¿Por qué es necesaria la mortificación?



«Le han sido perdonados muchos pecados, porque amó mucho” Lucas 7 47


Porque nos sana de las consecuencias de nuestros pecados actuales (Penitencia).

La penitencia es la mortificación que se hace para reparar por nuestros pecados personales. Es pues cosa clara que la mortificación es para nosotros una necesidad en razón de las consecuencias de nuestros pecados personales. El pecado actual repetido engendra vicios. Cuando confesamos nuestras faltas con contrición o atrición suficiente, la absolución borra el pecado, pero deja en el alma cierta disposición a volver a caer en el mismo vicio, que es consecuencia del pecado. De modo que aun después del bautismo queda el fondo de todas las malas pasiones. No hay duda, por ejemplo, que aquel que se ha dado al vicio del alcoholismo y se confiesa con atrición suficiente, si bien recibe, con el perdón, la gracia santificante y la virtud infusa de la templanza, conserva, sin embargo, la inclinación a aquel vicio y, si no huye de las ocasiones, volverá a caer en él.

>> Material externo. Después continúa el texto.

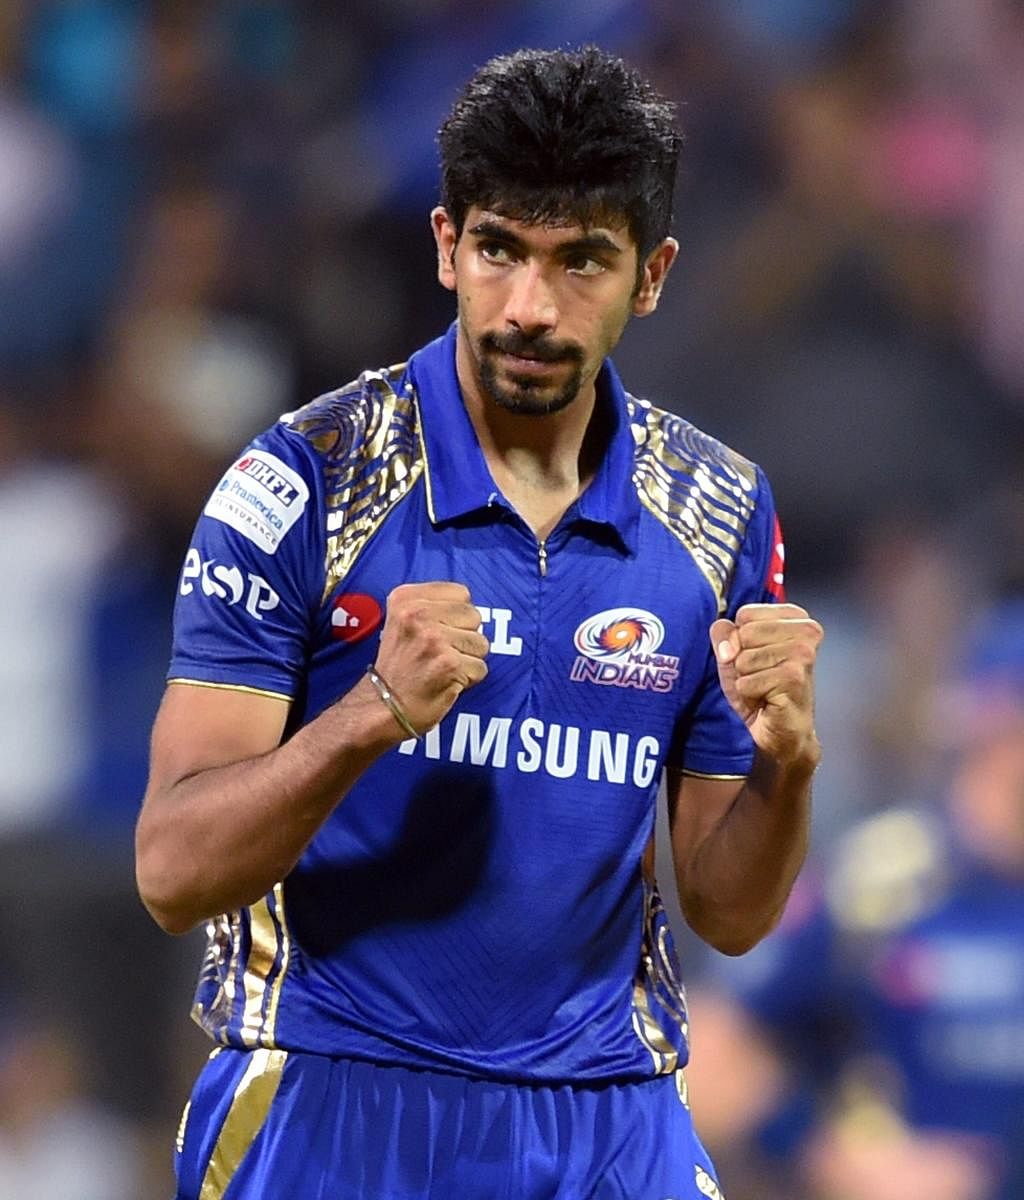 TURNING IT AROUND: Mumbai Indians’ Jasprit Bumrah bowled a brilliant spell at the death to help his side snatch a close win over Kings XI Punjab. PTI

Por ese espíritu de penitencia hemos de mortificarnos para expiar los pecados pasados y ya perdonados, y evitarlos en lo venidero. La virtud de penitencia, en efecto, no sólo tiene por fin detestar el pecado, que es ofensa de Dios, sino también la reparación; y, para esto, no basta dejar de pecar; es también necesaria la satisfacción ofrecida a la justicia divina, ya que todo pecado merece una pena o castigo, de la misma manera que cualquier acto inspirado por la caridad es acreedor a la recompensa. Por este motivo, cuando se nos da la absolución sacramental, que borra el pecado, se nos impone a la vez la penitencia o satisfacción, para que así obtengamos la remisión de la pena temporal que aún nos quedaría por pagar. Esta satisfacción es parte del sacramento de la penitencia por el cual se nos aplican los méritos del Salvador; y contribuye así a devolvernos la gracia o a aumentárnosla.

Así queda saldada, en parte al menos, la deuda contraída por el pecador con la divina justicia. Para conseguir tal efecto, debe ese pecador aceptar con resignación las penalidades de la vida; y si esta paciencia y resignación no son suficientes para purificarlo del todo, deberá pasar por el purgatorio, pues nadie entra en el cielo sin antes haberse purgado totalmente. El dogma del purgatorio es, de esta manera, una confirmación de la necesidad de la mortificación, al enseñarnos que toda deuda ha de quedar cancelada, ya por los méritos en esta vida, o bien por el fuego purificador en la otra.

Un arrepentimiento lleno de amor borraría la falta y la pena, como las dichosas lágrimas que Jesús bendijo cuando dijo: “Le han sido perdonados muchos pecados, porque amó mucho” (Lc 7,47). Si, pues, la penitencia es necesaria a todos los cristianos, ¿cómo será posible negar la necesidad de la mortificación? Eso equivaldría a desconocer en absoluto la gravedad del pecado y sus consecuencias. Los que hablan contra la mortificación llegan poco a poco a beber la iniquidad como se bebe un vaso de agua; luego llaman imperfección a lo que con frecuencia es un verdadero pecado venial, y humana debilidad al pecado mortal.

Tampoco hemos de pasar por alto que tenemos que luchar contra el espíritu del mundo y contra el demonio, según las palabras de San Pablo (cf. Ef 6,10-20). Para resistir a las tentaciones del enemigo, que primero nos inclina a faltas ligeras para llevarnos después a otras más graves, Nuestro Señor mismo nos ha exhortado a recurrir a la oración, al ayuno y a la limosna. Así la tentación se convertirá en ocasión de actos meritorios de fe, esperanza y amor de Dios.